The apparent link with an arms deal is a politically important element in the Malaysian affair, but not the one that baffles trade experts. The arms to Iraq affair shows the potential for blurring the distinction between civil and military products, while the French have been quite open about a deal with India that wraps Mirage 2000 fighters with a nuclear electricity project and a telephone network.

What has surprised observers is the sheer size of the aid element in the Pergau hydroelectric deal. A former government official said that the Export Credits Guarantee Department would have backed a higher proportion of near-commercial rate finance. 'It wasn't as though it couldn't do it,' he said.

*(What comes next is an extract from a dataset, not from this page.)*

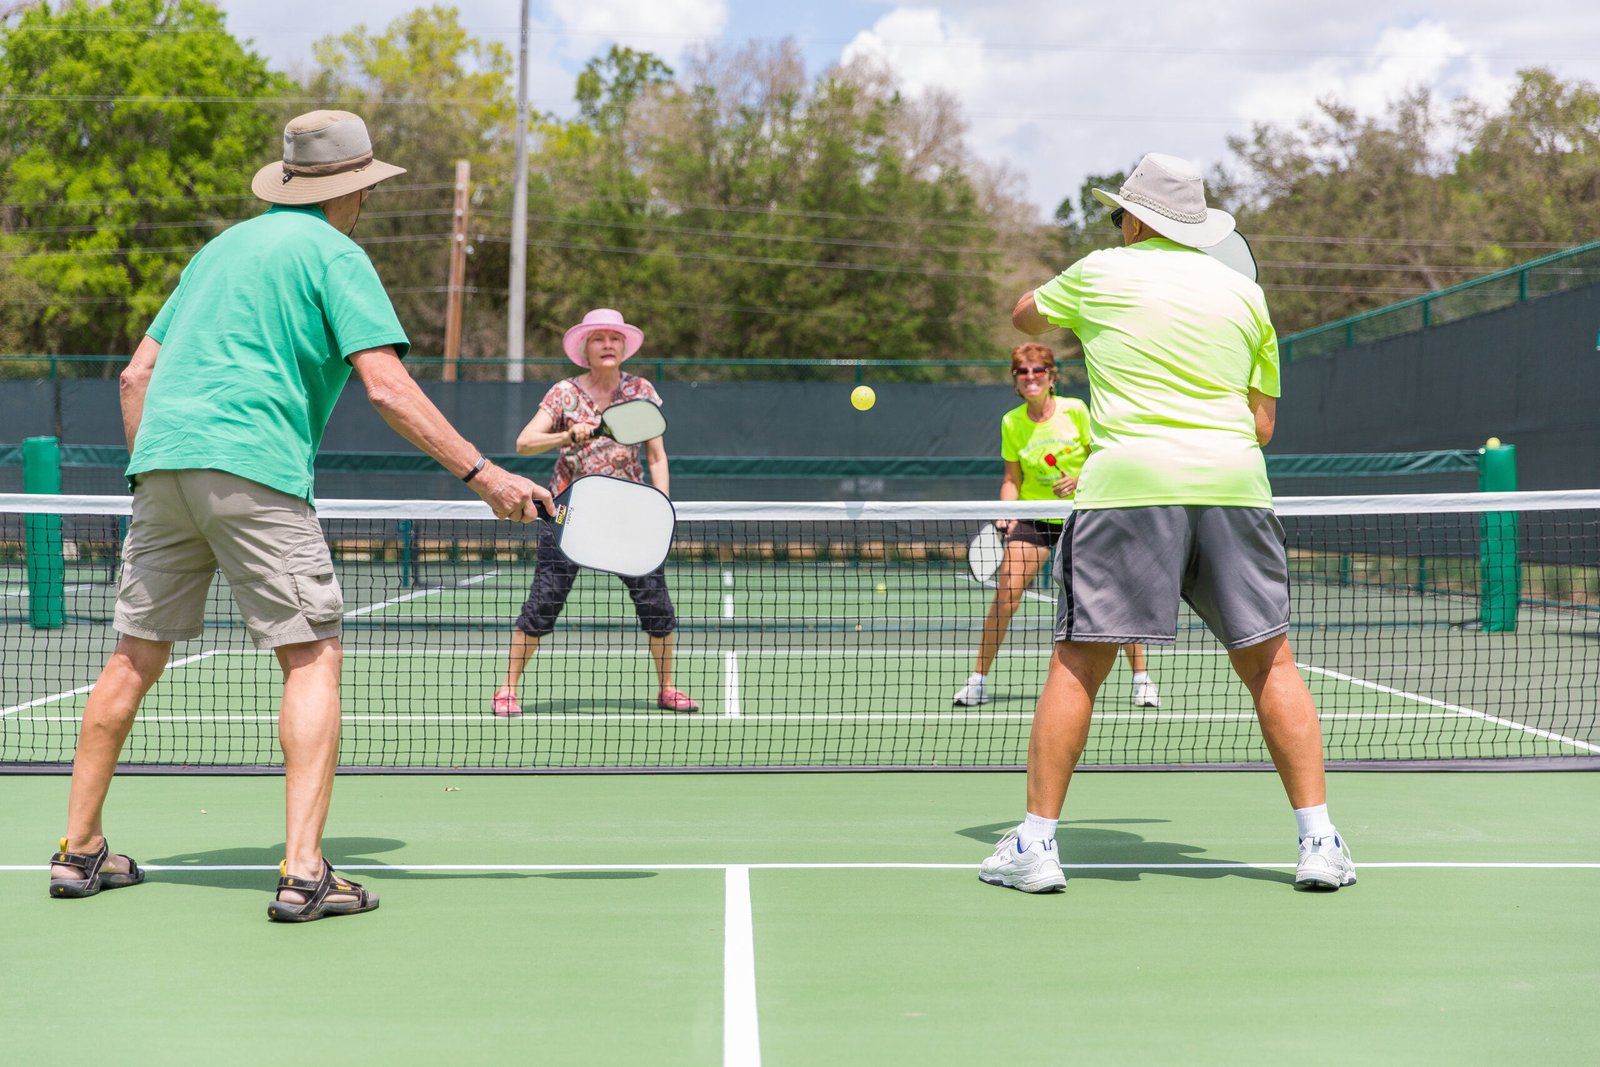 The Environmental Impact of Pickleball: How to Play Responsibly

The principle of using aid to 'sweeten' trade deals is well established. In large projects, buyers are given 10 to 15 years to pay. Most finance comes from a consortium of banks, with the final risk taken by the state export credit agency. When bidding for these projects, the cost of the financing is often the most important element: a slightly lower interest rate can reduce the debt burden by tens of millions of pounds, and the country that can offer the cheapest, 'softest' loan has a good chance of winning.

In the early Eighties some countries, notably France and Italy, mixed aid and bank loans so freely that the Americans retaliated by creating a war chest of aid, and forced through an internationally agreed minimum aid level - at first 25 per cent, now 35 per cent - to make the practice more expensive.

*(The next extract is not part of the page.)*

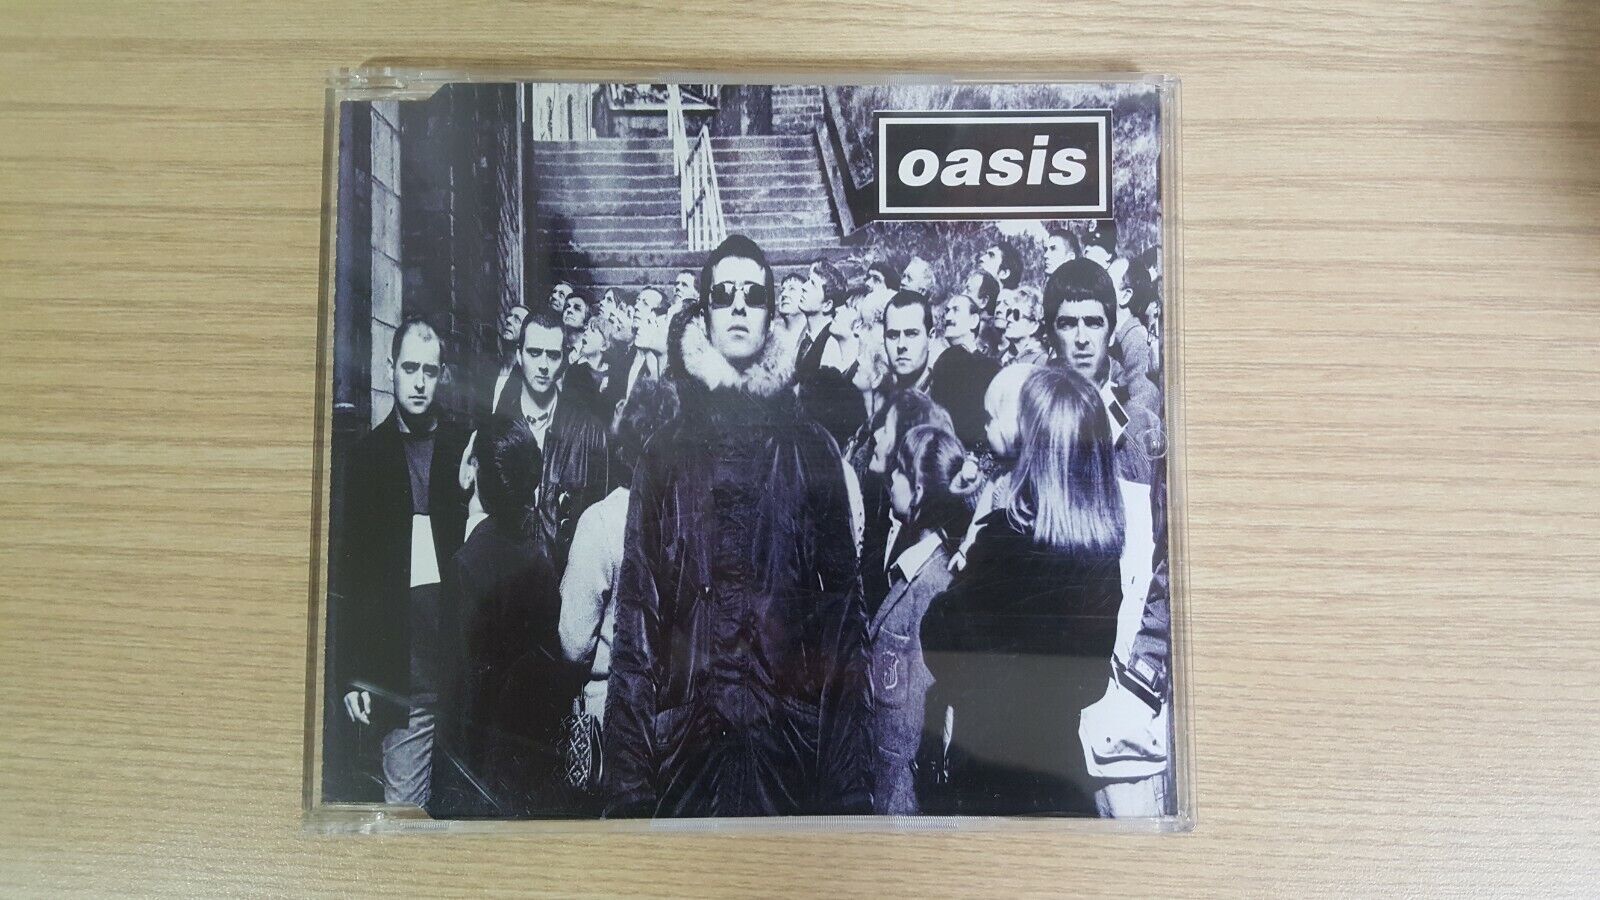 Oasis - D'You Know What I Mean? 1997 Korea Single CD

Although the British government tried to give the impression that it never subsidised, and was the victim of much unfair competition, its aid and trade provision has always been quite powerful. In 1986, the Overseas Development Agency provided a pounds 59m grant to soften the financing of a water supply project being built in Malaysia by Biwater.

To exporters, the Pergau deal was another attempt at opening the gates to one of the most profitable markets in the world. Malaysia is fast-growing, politically quite stable, and in need of much fundamental modernisation.

Exporters are intrigued that there should be a scandal about the over- generosity of the British government. The deal was agreed just as the Treasury was slashing the level of cover and increasing the premium rates charged by the ECGD, putting UK companies at a hefty disadvantage. That caused such an outcry that the moves have been reversed.

Since Michael Heseltine took over at the Department of Trade and Industry in 1992, exporters have felt that the Government really has become aggressive in their interests. Richard Needham, the trade minister, says he wants to double the value of capital goods exports this decade. The main targets will be the dynamic markets in South-east Asia - including Malaysia.